**To do:**
Each line of the data below between the one containing "Bosch Werkzeug Winkelschleifer" and the one containing "do Supremo Tribunal", both included, is to be repeated exactly. Please omit pictures.

**Provided entries:**
▼
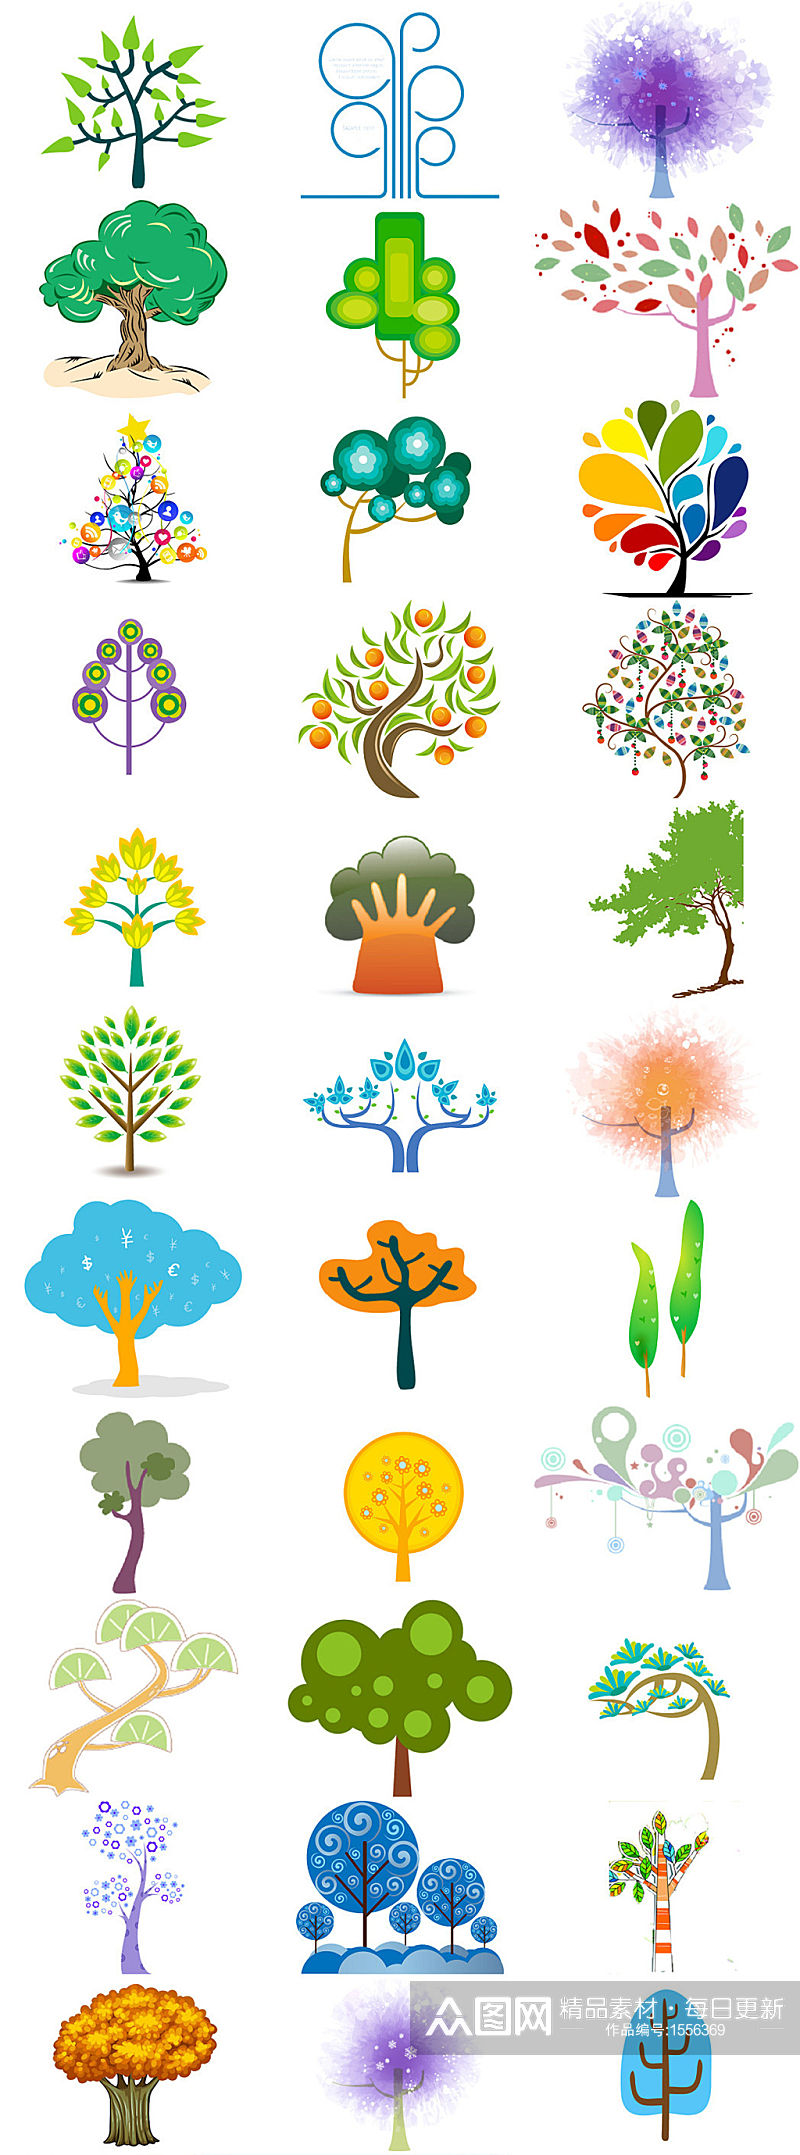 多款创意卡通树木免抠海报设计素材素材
▲
▼
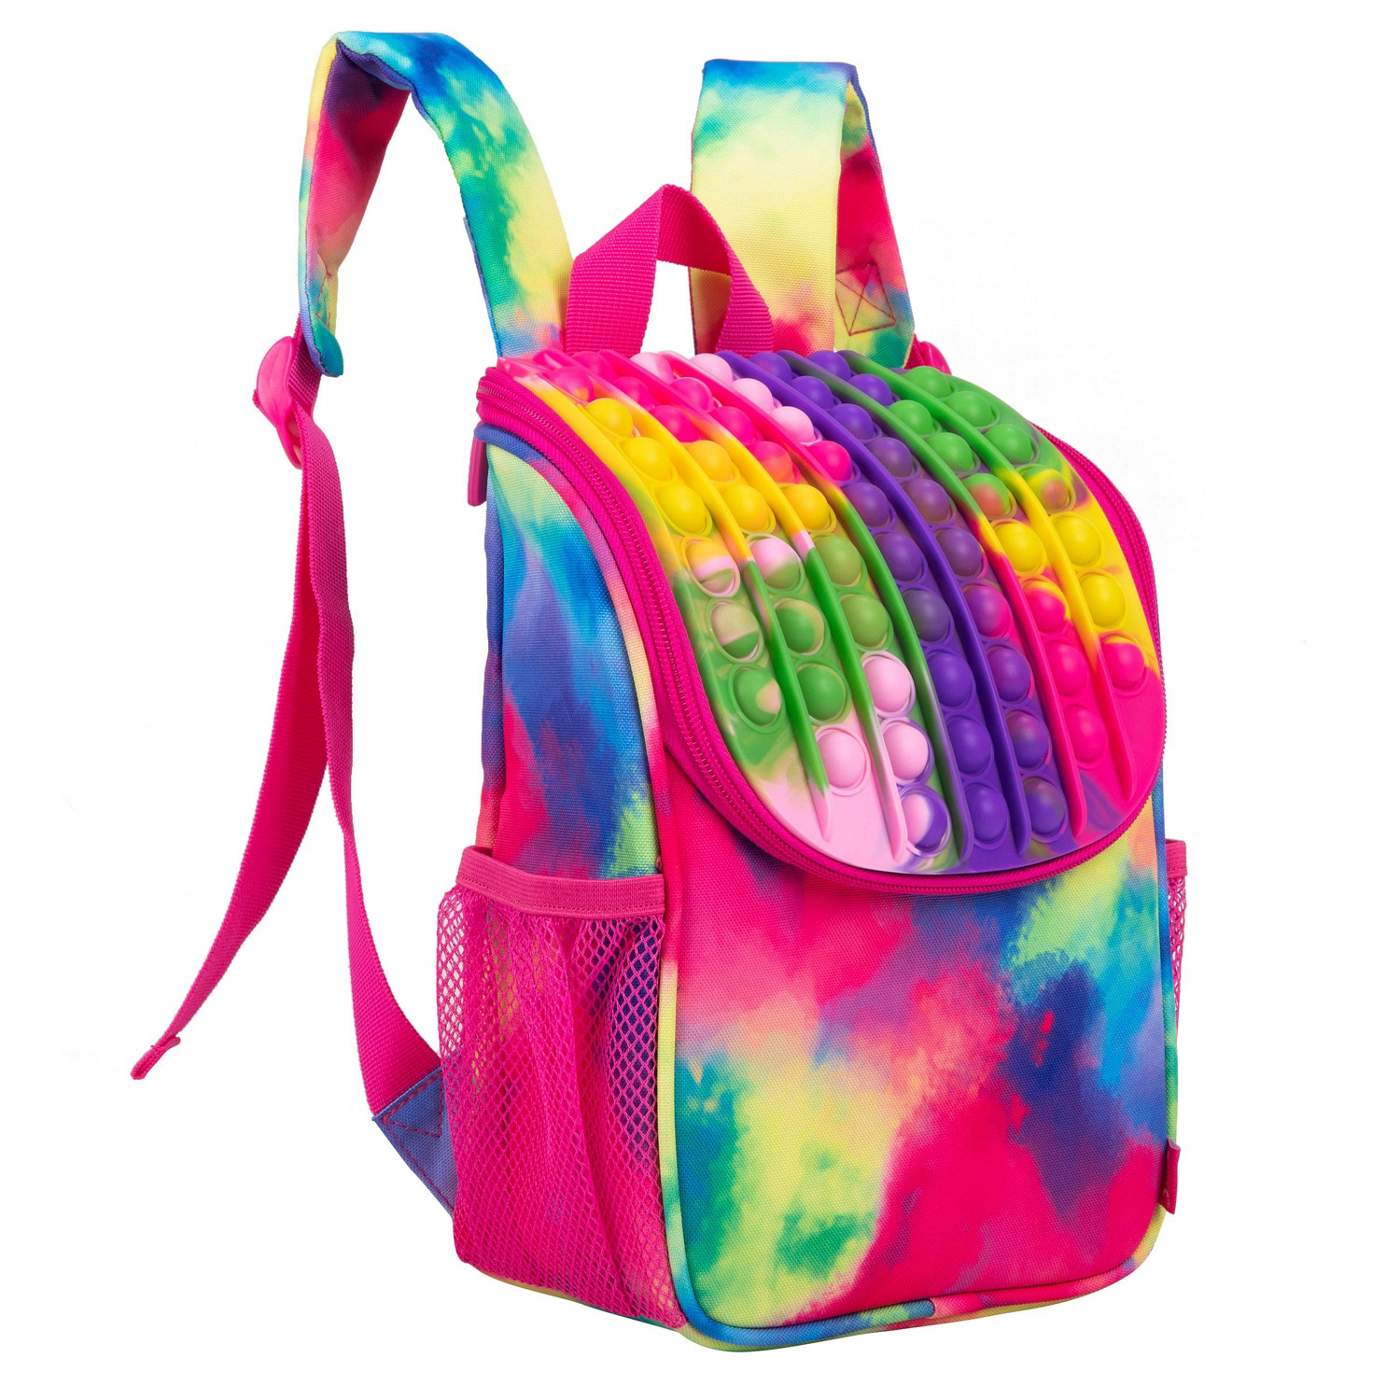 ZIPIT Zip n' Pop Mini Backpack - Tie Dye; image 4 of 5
▲
▼
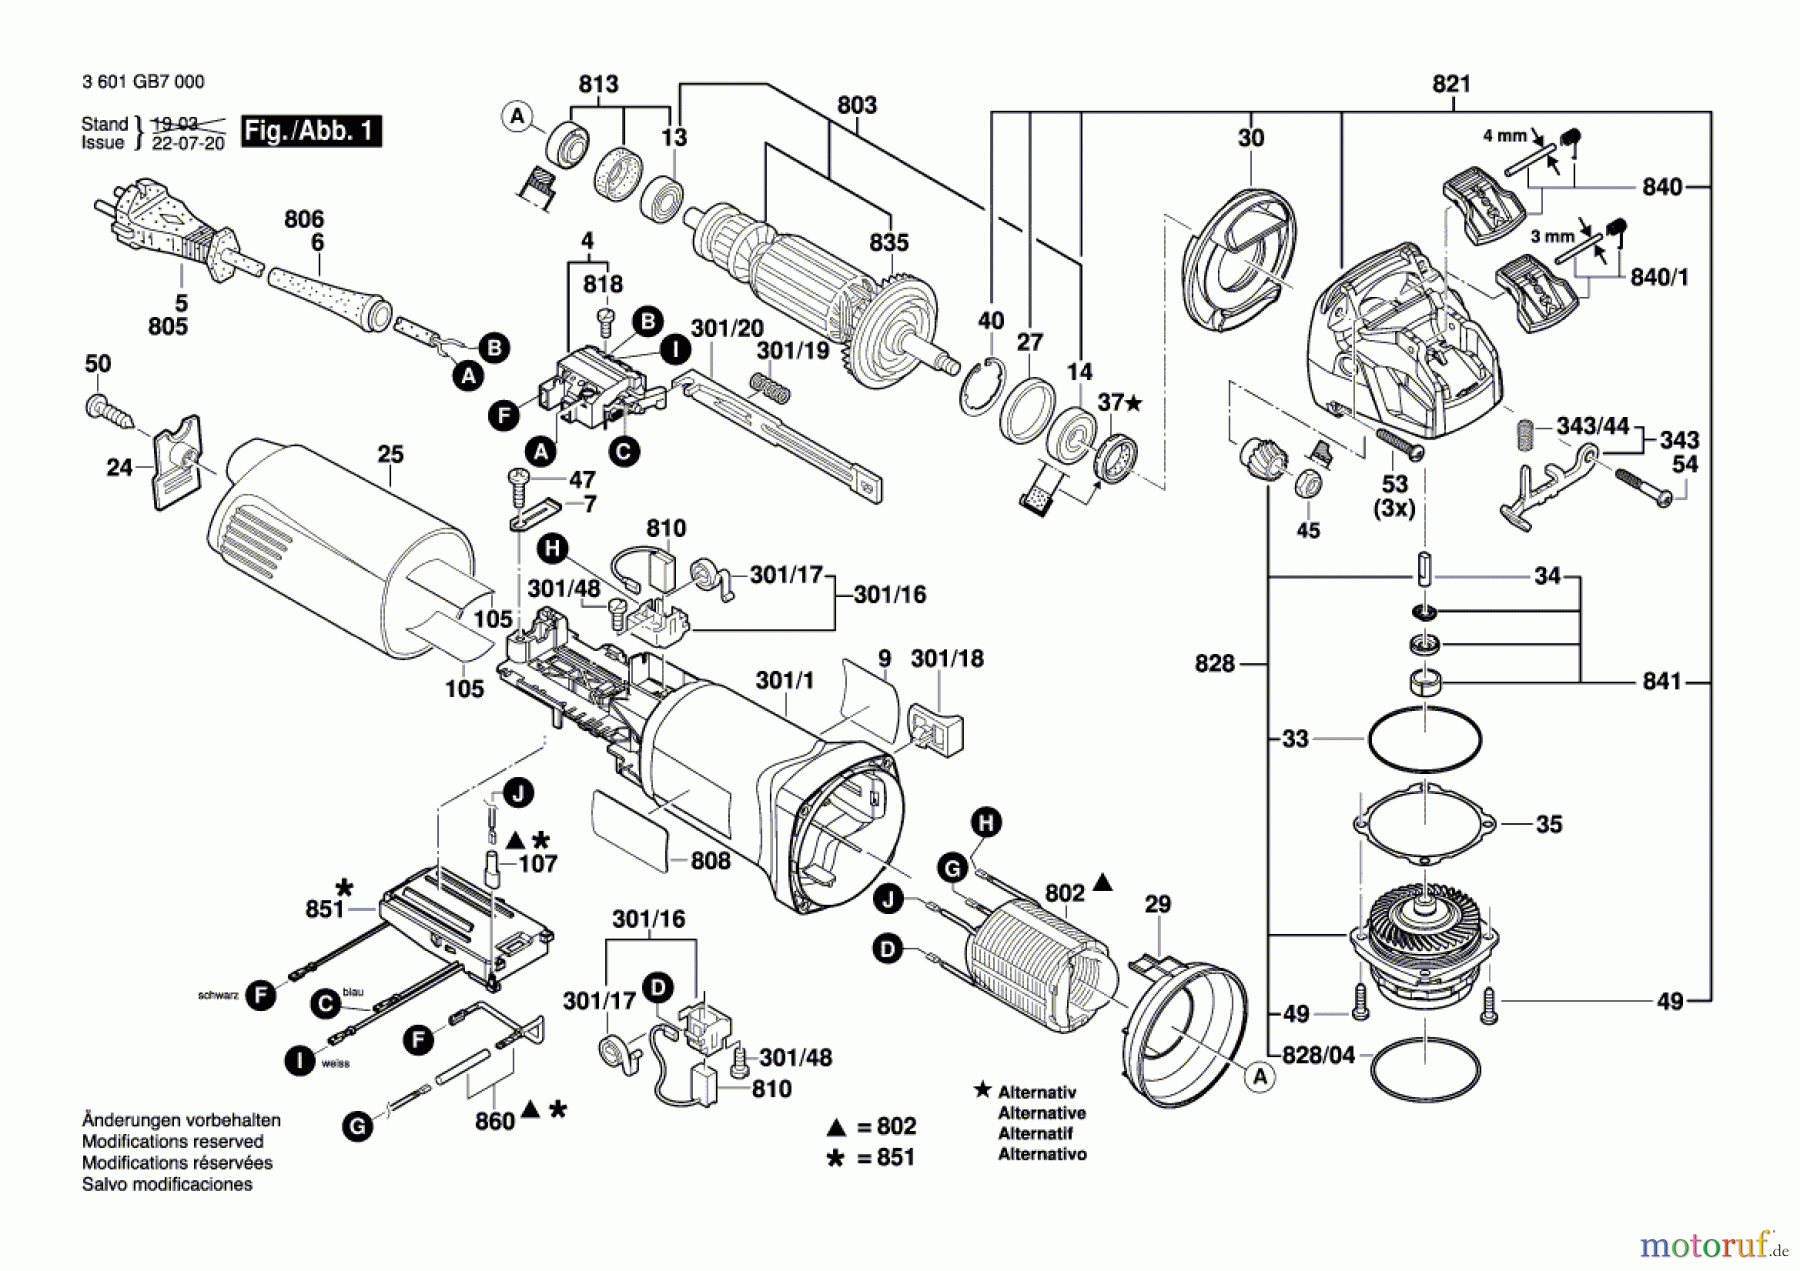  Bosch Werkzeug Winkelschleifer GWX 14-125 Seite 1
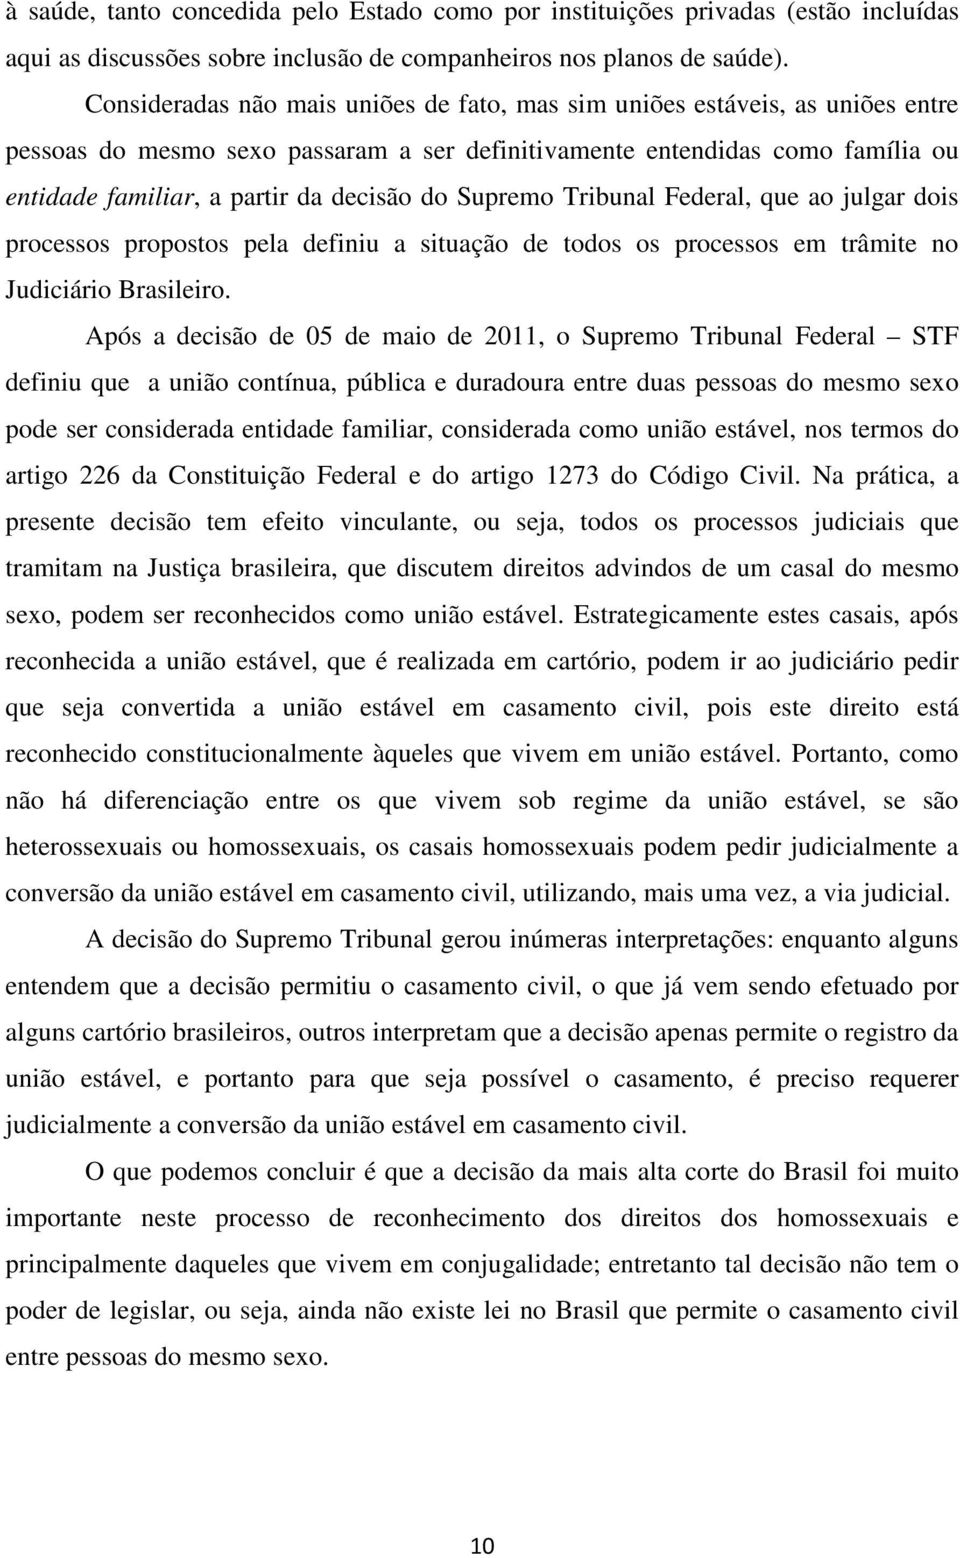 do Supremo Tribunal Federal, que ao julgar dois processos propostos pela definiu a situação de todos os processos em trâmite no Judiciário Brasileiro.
▲
**Response to this task:**
  Bosch Werkzeug Winkelschleifer GWX 14-125 Seite 1
 do Supremo Tribunal Federal, que ao julgar dois processos propostos pela definiu a situação de todos os processos em trâmite no Judiciário Brasileiro.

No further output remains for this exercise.